One thing I found throughout the book is the confidence in the methodologies of literary scholarship. Perhaps I am biased because of my background in math, but I find that the liberal arts are taken way too seriously by their adherents. They are full of assumptions and guesses, and in the end cannot actually prove anything. Folks, this isn't science. Stop pretending that it is.

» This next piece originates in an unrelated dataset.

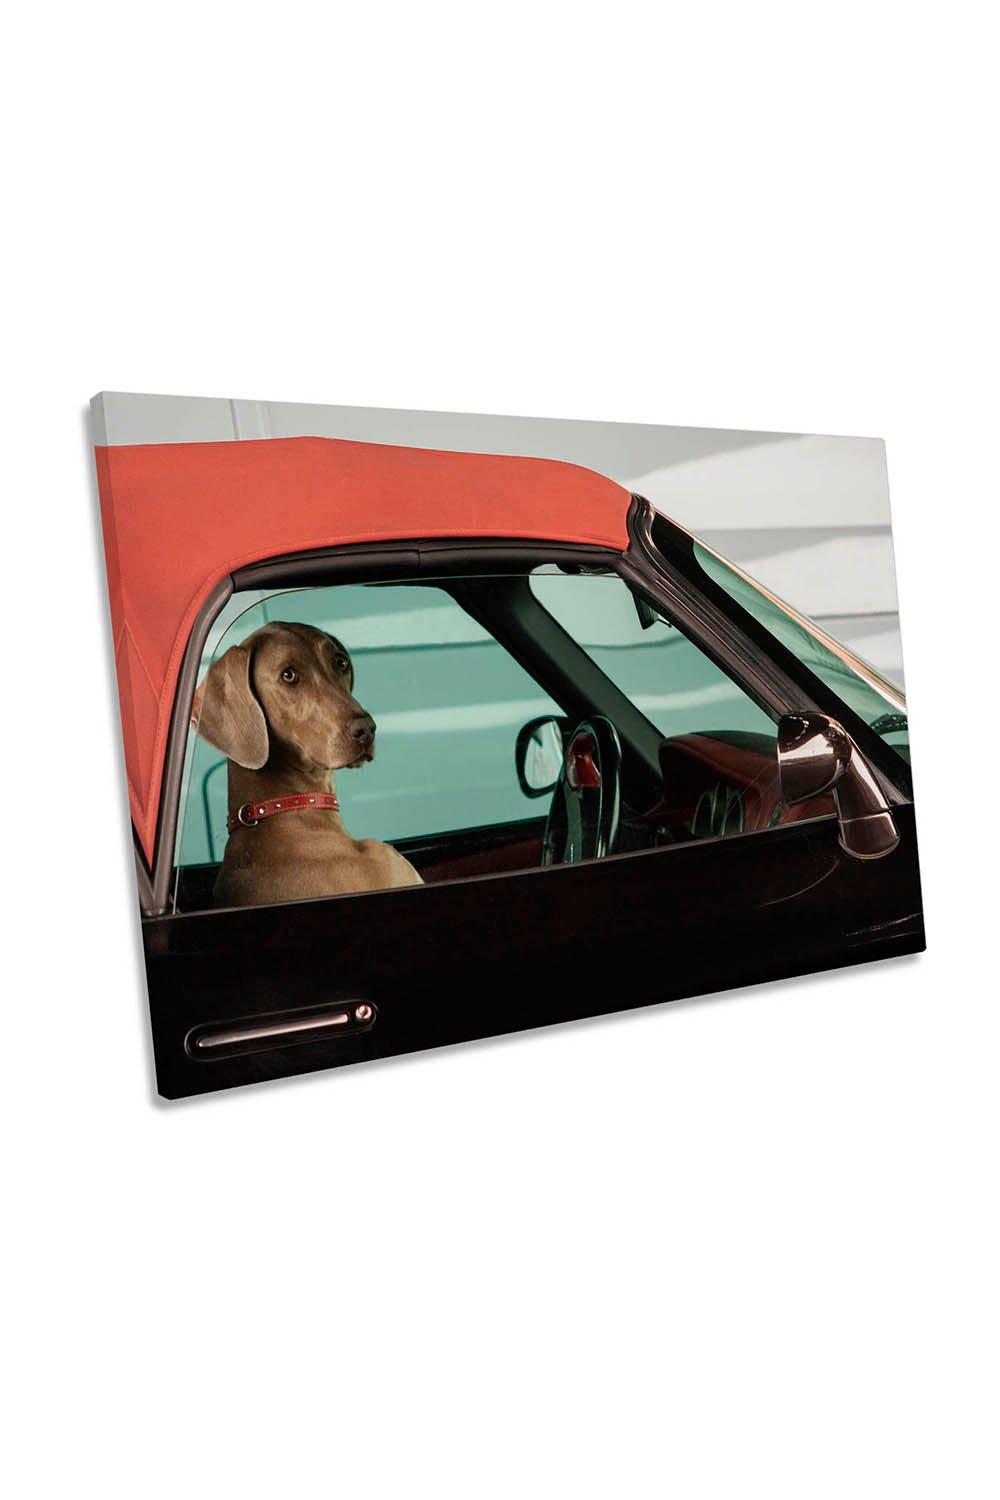 Lady Driver Dog Car Humour Canvas Wall Art Picture Print
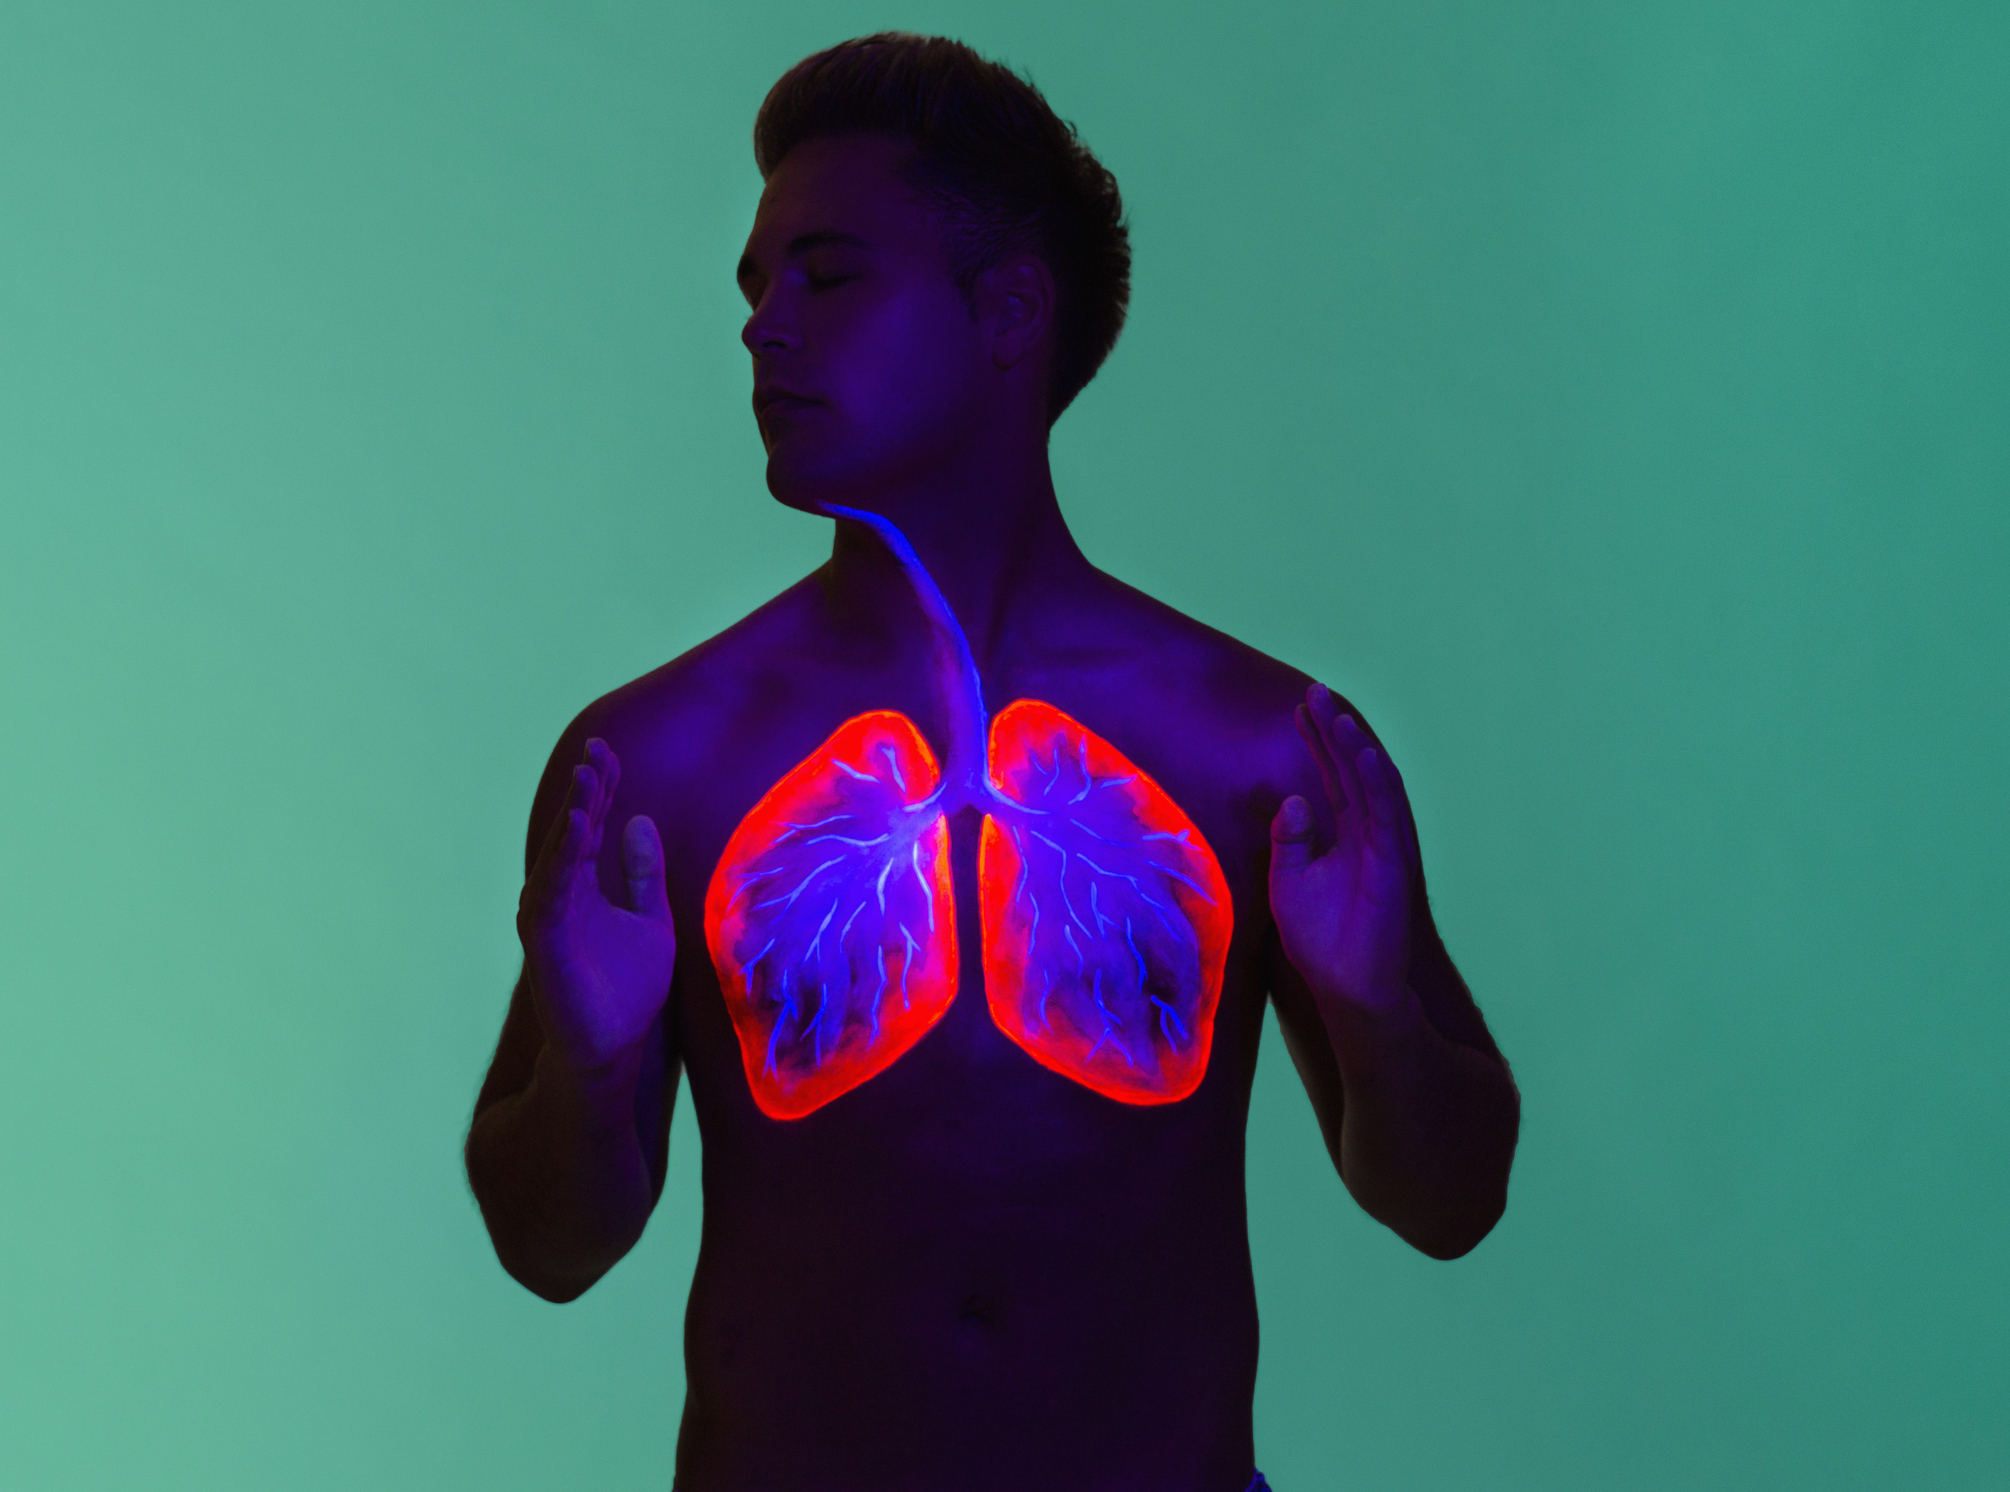 Person with illustrated lungs on chest, stance suggests health concept

On another subject, I found the appendix to his book, which is titled "Apologetics and 'Biblical Criticism Lite'" and is published only on his website, to be quite a comment on his mindset on these matters. In this appendix, he basically says that anyone who disagrees with him on these issues is an apologist. He says it nicely and relatively respectfully, but in such a way that it is impossible to argue with him. Anyone who says anything to the contrary is understandably influenced by outside factors, such as his emotions, and unable to think clearly about these issues. This is a technique used frequently by skeptical bloggers as well. Not very impressive and, frankly, not very respectful either. Just say that you disagree and don't try to read minds. Maybe, just maybe, you have some hidden biases as well. (Here is a link to his appendix but be forewarned that the views there are quite non-Orthodox: link.)

And on another subject, I found it interesting that Prof. Kugel seems to accept the arguments of James Hoffmeier et al against the Biblical Minimalists that there was an historical exodus from Egypt, albeit smaller than the one described in the Bible (pp. 207-208).